Шрифт:
Интервал:
Закладка:
И, может статься, теперь на шкале своих желаний, если она все еще в состоянии претендовать на желания и на какую-то шкалу, превыше всех своих упований она поместила бы чаяние все еще гнить с живой стороны мироздания, куда выше, чем уже вовсе не гнить с мертвой его стороны; может статься, она приняла бы теперь как милость право проскользнуть на несколько минут, на полминуты, даже на четверть минуты, в обличив прогнившего сморчка, смердящего и изъеденного червями, просто потому, что тогда не проходила бы по разряду ничто. Чего бы только не отдала она сегодня, чтобы пережить еще одно мгновение в виде гнилого, червивого гриба, пусть и утратившего всякую индивидуальность, без внятного цвета и наименования!.. Чего бы только не отдала она, которая уже ничто, которая даже не осознает своего падения в ничто и в нечто худшее, чем ничто, чего бы только не отдала она, чтобы лежать гнилью чуть-чуть не там и чуть-чуть не так, в мире заросших травой просветов и фиолетового помета, чтобы жужелицы и навозники презрительно крошили ее, чтобы улитки с ленцой пережевывали, садовые улитки, слизни!.. Как бы ей хотелось вот так существовать, на пути разложения конечно, но еще не совсем разложившись, как бы приятно ей было пребывать на пути к исчезновению под колдовской луною 24 июня или совсем другой луною совсем иной ночи, колдовской или нет!.. Еще не совсем исчезнуть!..
Но теперь она лежит без надежды быть, учительница Дондога, она лежит в отсутствии, она не может подступиться к невзрачной красоте тех, кто встречает свой конец на свету, на поверхности земли, она не может подступиться к увяданию, ей заказана честь быть зловонной, она даже не зловонна и не ничтожна в четырехугольнике кладбища, в галдеже ветра и козявок, тише воды, ниже травы и под угрозой фекальной бомбардировки дроздов и дроздих. Расстояние между этим состоянием незначительности для почвы и ее собственным положением неисчислимо.

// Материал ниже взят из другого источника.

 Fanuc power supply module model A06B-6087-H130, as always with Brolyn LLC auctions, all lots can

Как если бы она была растворена по ту сторону кромешной тьмы и смерти. Впредь до нее не доберется никакое слово, не донесется, чтобы утешить или шамански вытянуть из небытия, никакой зов; никто из живых, даже таких незрелых, как Дондог в детстве, или таких зрелых, как Дондог перед тем как угаснуть, не пустит в ход свой речевой аппарат, чтобы прошептать, что учительница Дондога — старый гнилой гриб, никто не вызовется, здесь ли, там ли, заявить об этом, и Дондог еще меньше других.

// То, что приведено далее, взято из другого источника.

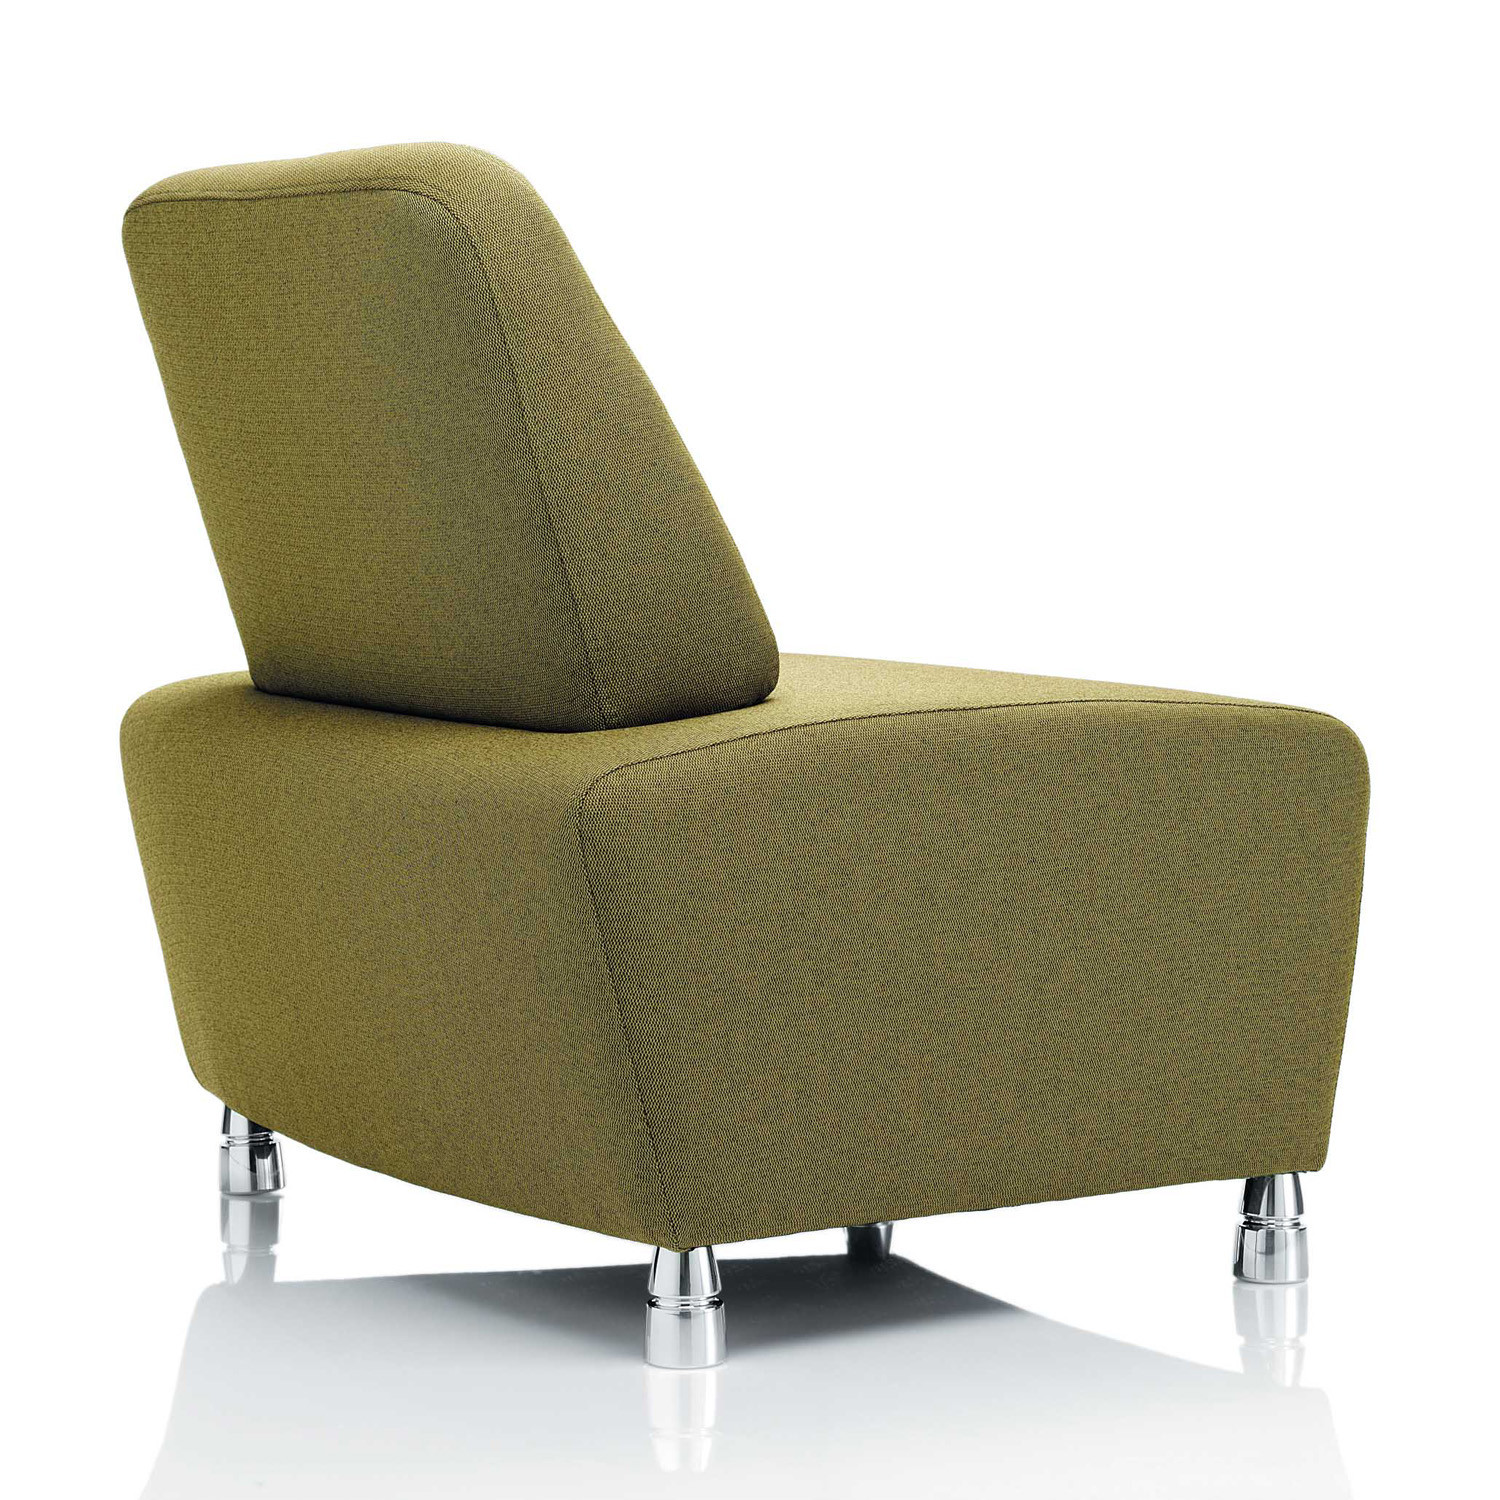 Adda Soft Seating with backrest

И, поскольку мы к этому подошли, отметим, что Дондог любит грибы, но и только. Ни в один из периодов своей жизни, независимо от того, писал ли он свои романы или проборматывал, среди сфер его поэтических отсылок лесные грибы не фигурировали. Говоря напрямик, в лексической вселенной Дондога грибам просто не было места. Я никогда не заявлял во всеуслышание, что учительница — старый гнилой гриб, заявляет он. Такое никак не соотносится с теми ругательствами, к которым я имел обыкновение. Эти слова никогда не слетали с моего языка.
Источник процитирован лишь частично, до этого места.